## Brief
Without the pictures, output all of the data exactly.

## Data extract
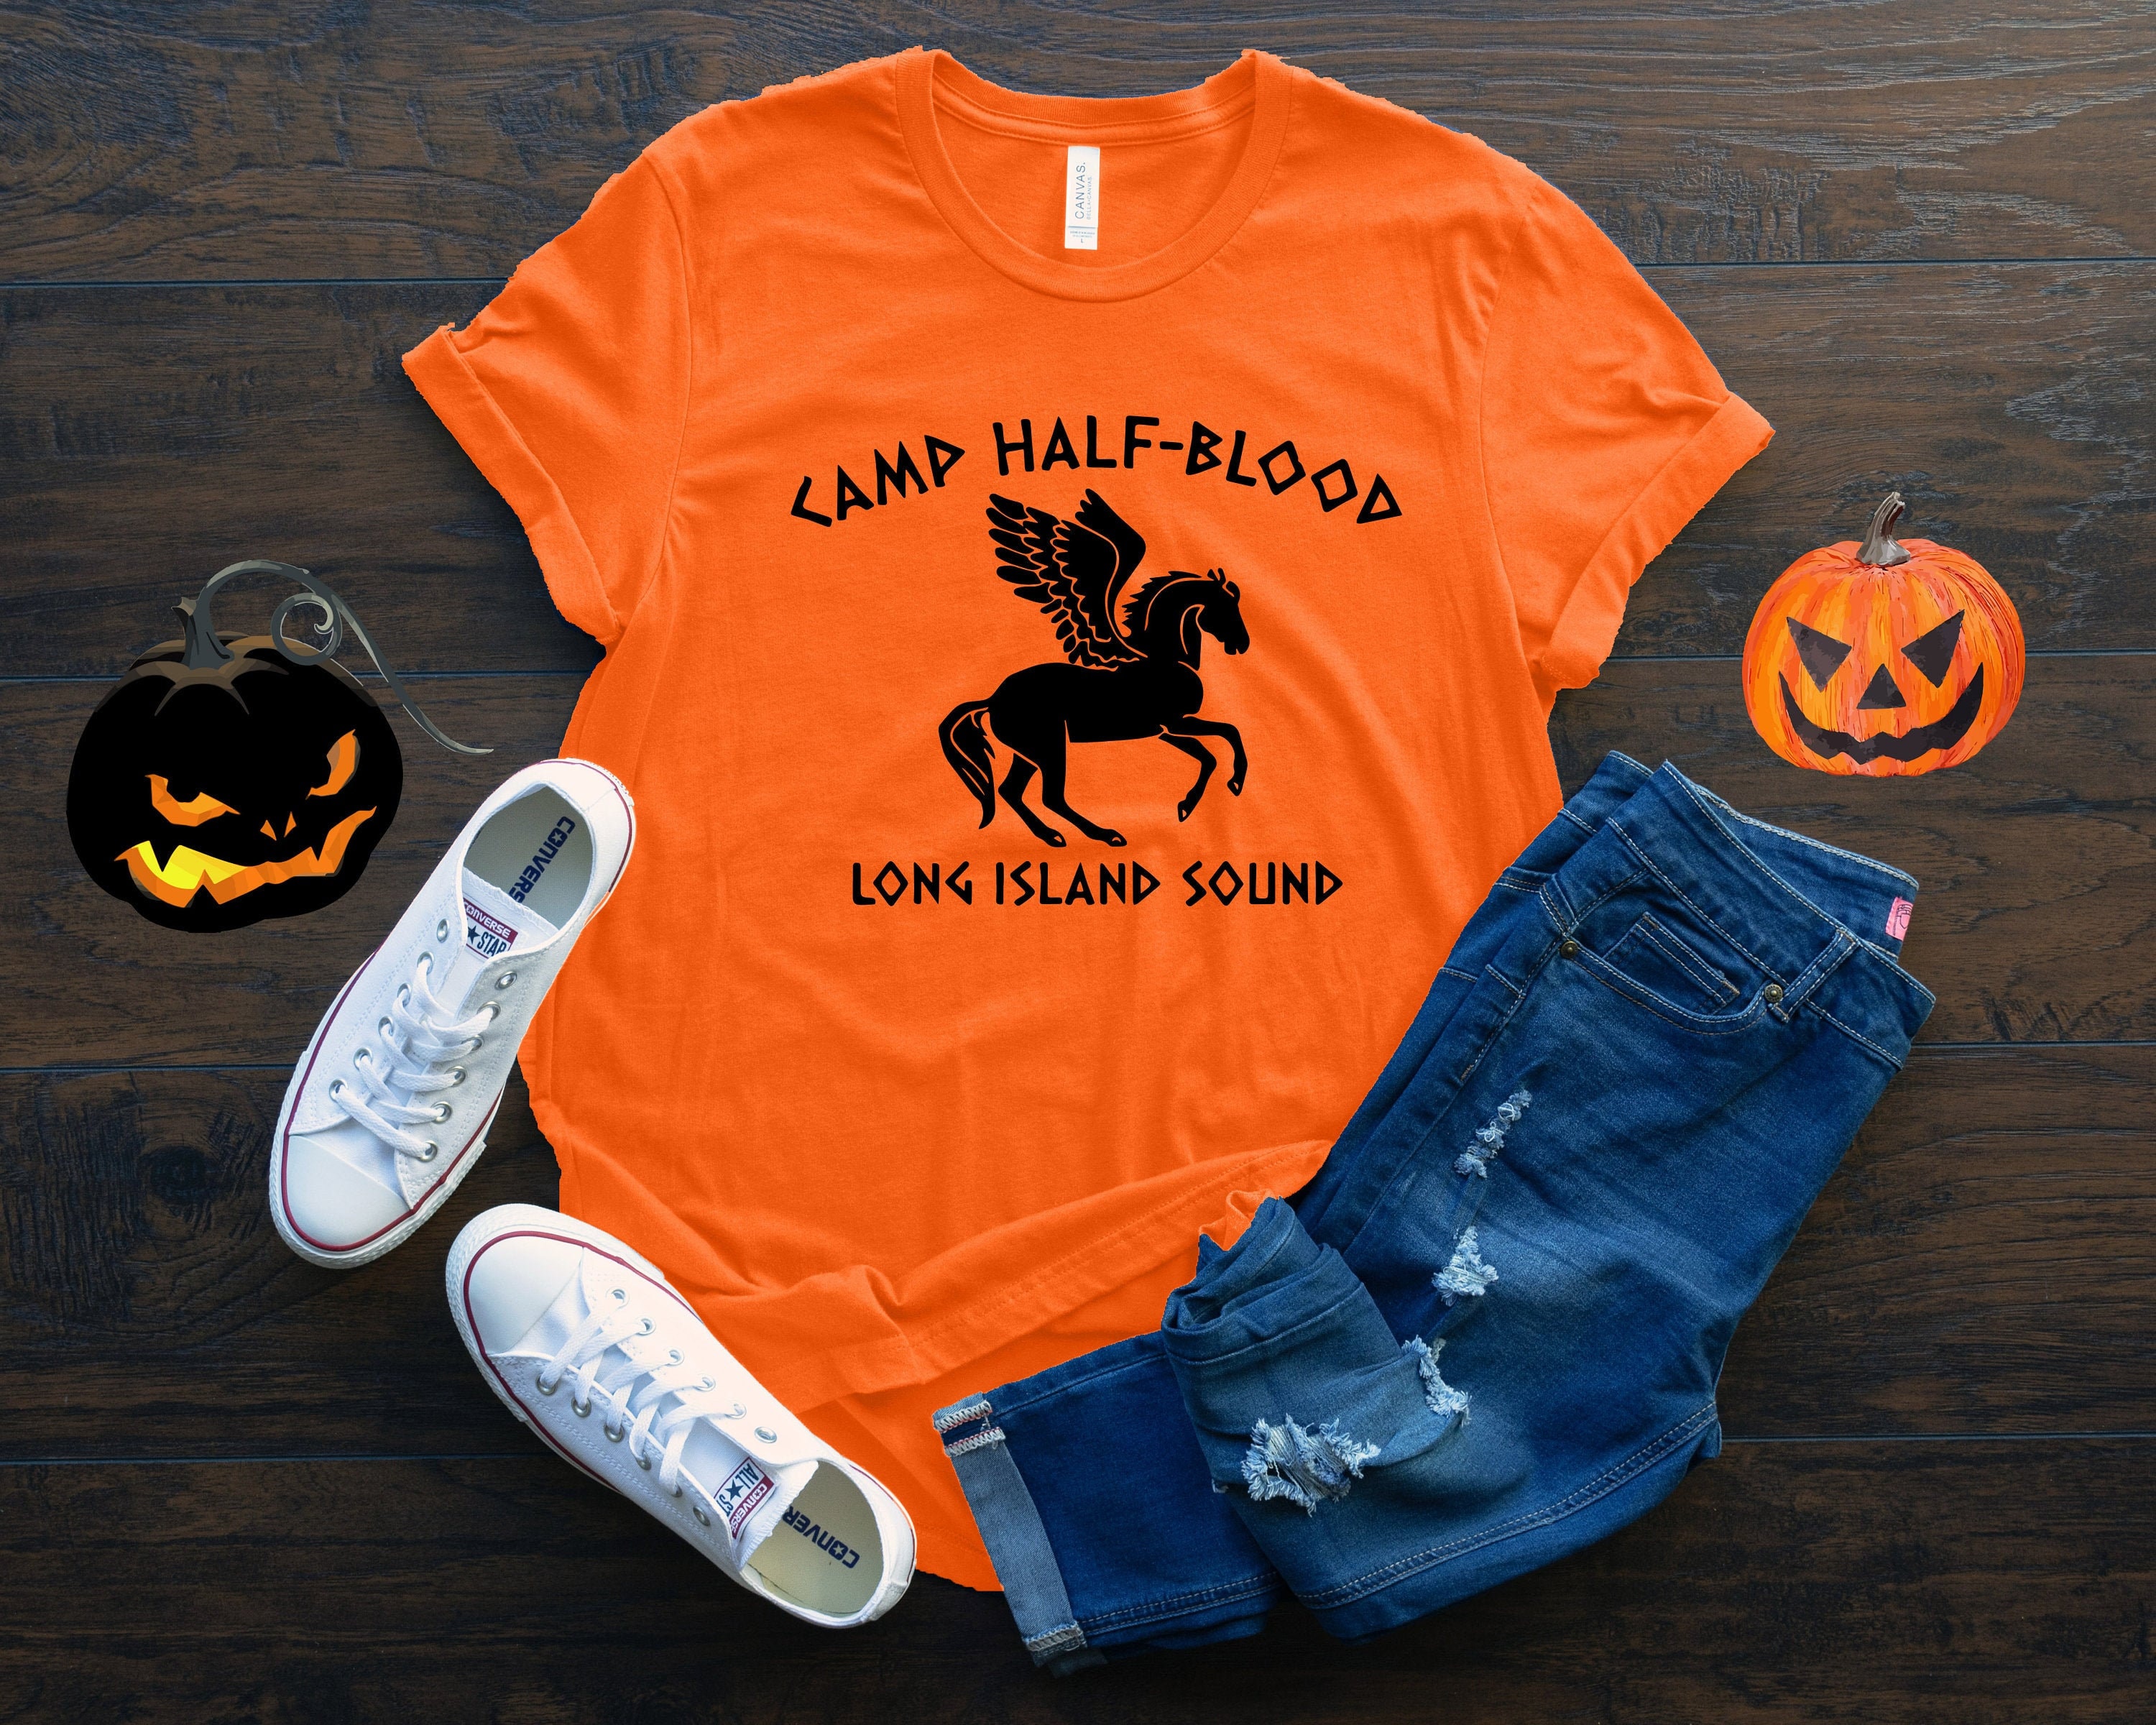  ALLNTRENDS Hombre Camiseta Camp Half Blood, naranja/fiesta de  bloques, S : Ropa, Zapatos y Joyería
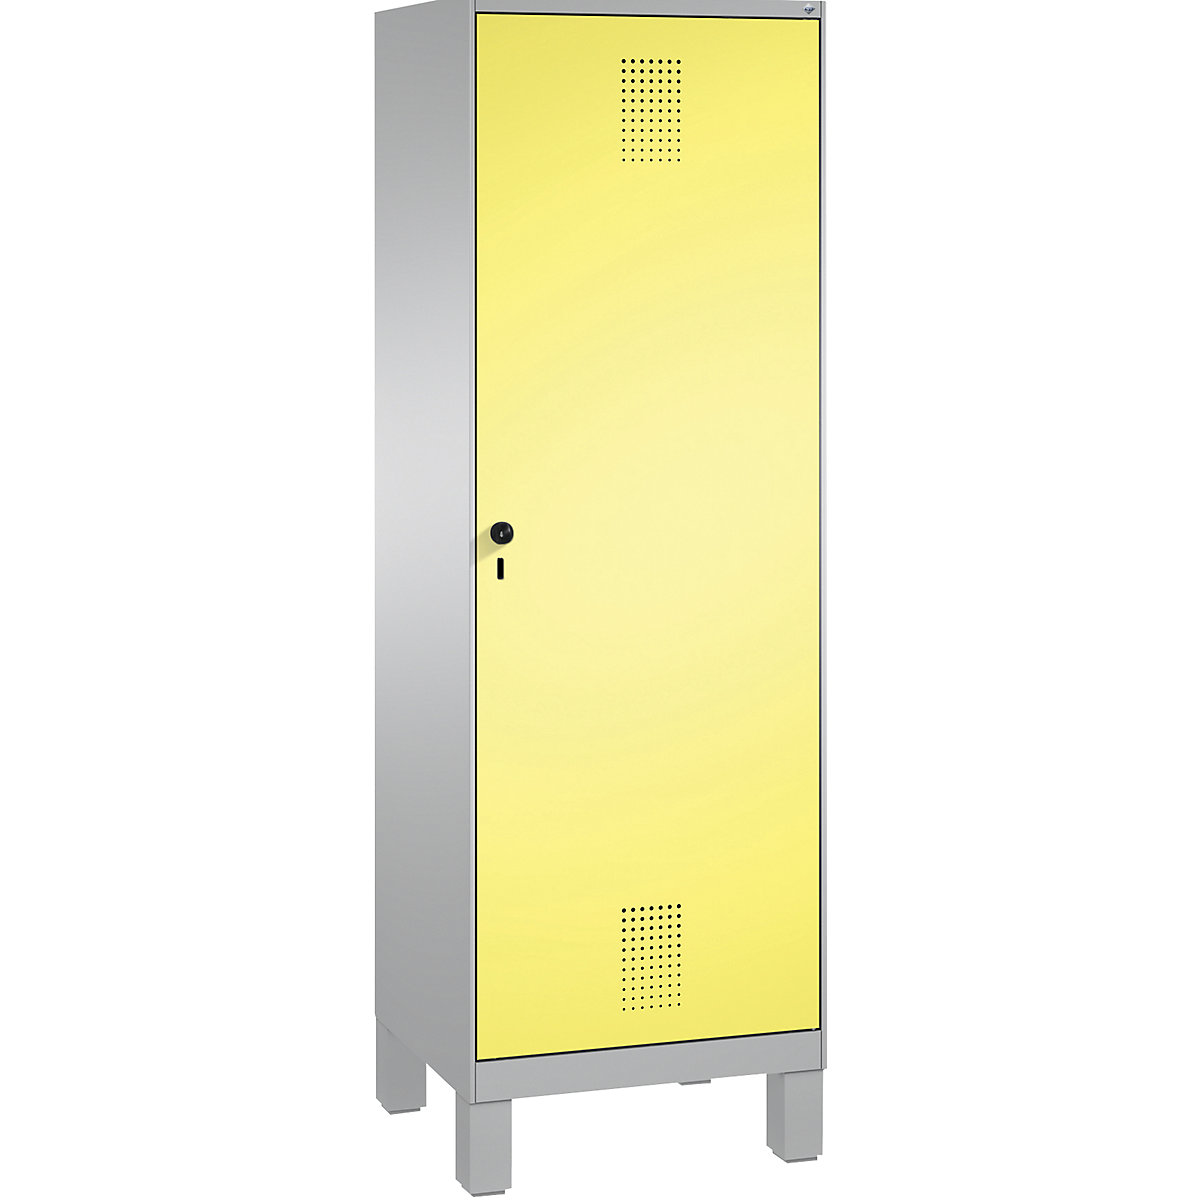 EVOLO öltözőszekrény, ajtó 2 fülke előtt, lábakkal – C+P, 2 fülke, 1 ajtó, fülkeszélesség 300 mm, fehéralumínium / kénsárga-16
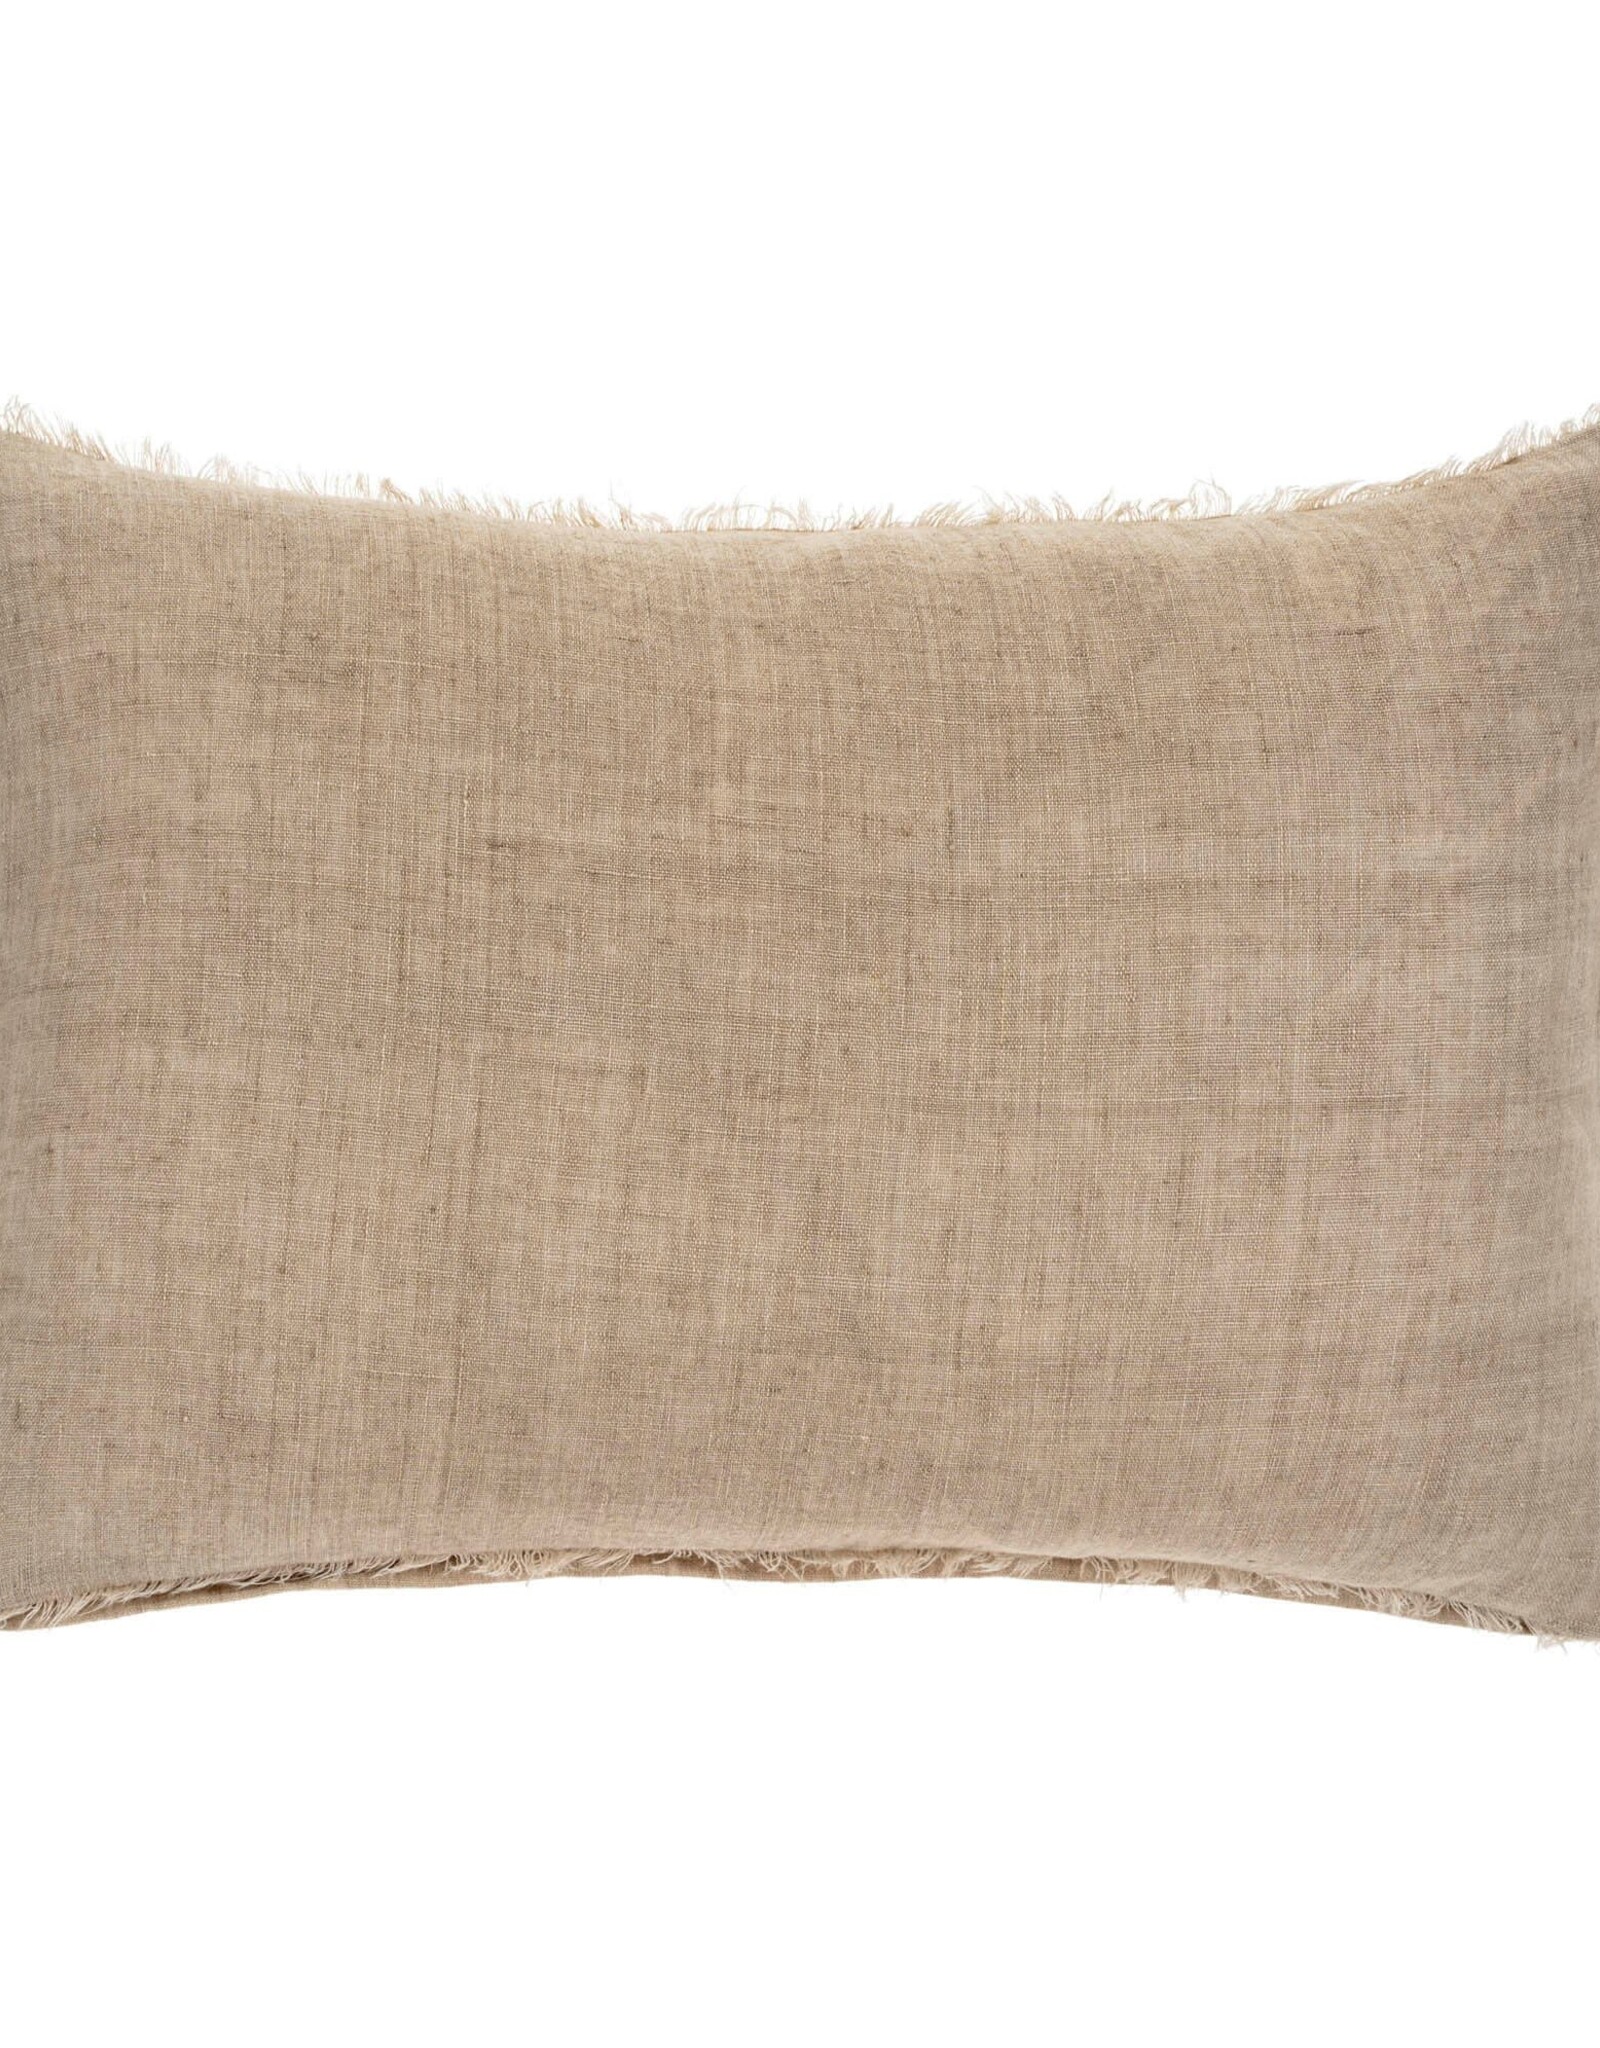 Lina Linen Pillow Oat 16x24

## Task response
  ALLNTRENDS Hombre Camiseta Camp Half Blood, naranja/fiesta de  bloques, S : Ropa, Zapatos y Joyería
 EVOLO öltözőszekrény, ajtó 2 fülke előtt, lábakkal – C+P, 2 fülke, 1 ajtó, fülkeszélesség 300 mm, fehéralumínium / kénsárga-16
 Lina Linen Pillow Oat 16x24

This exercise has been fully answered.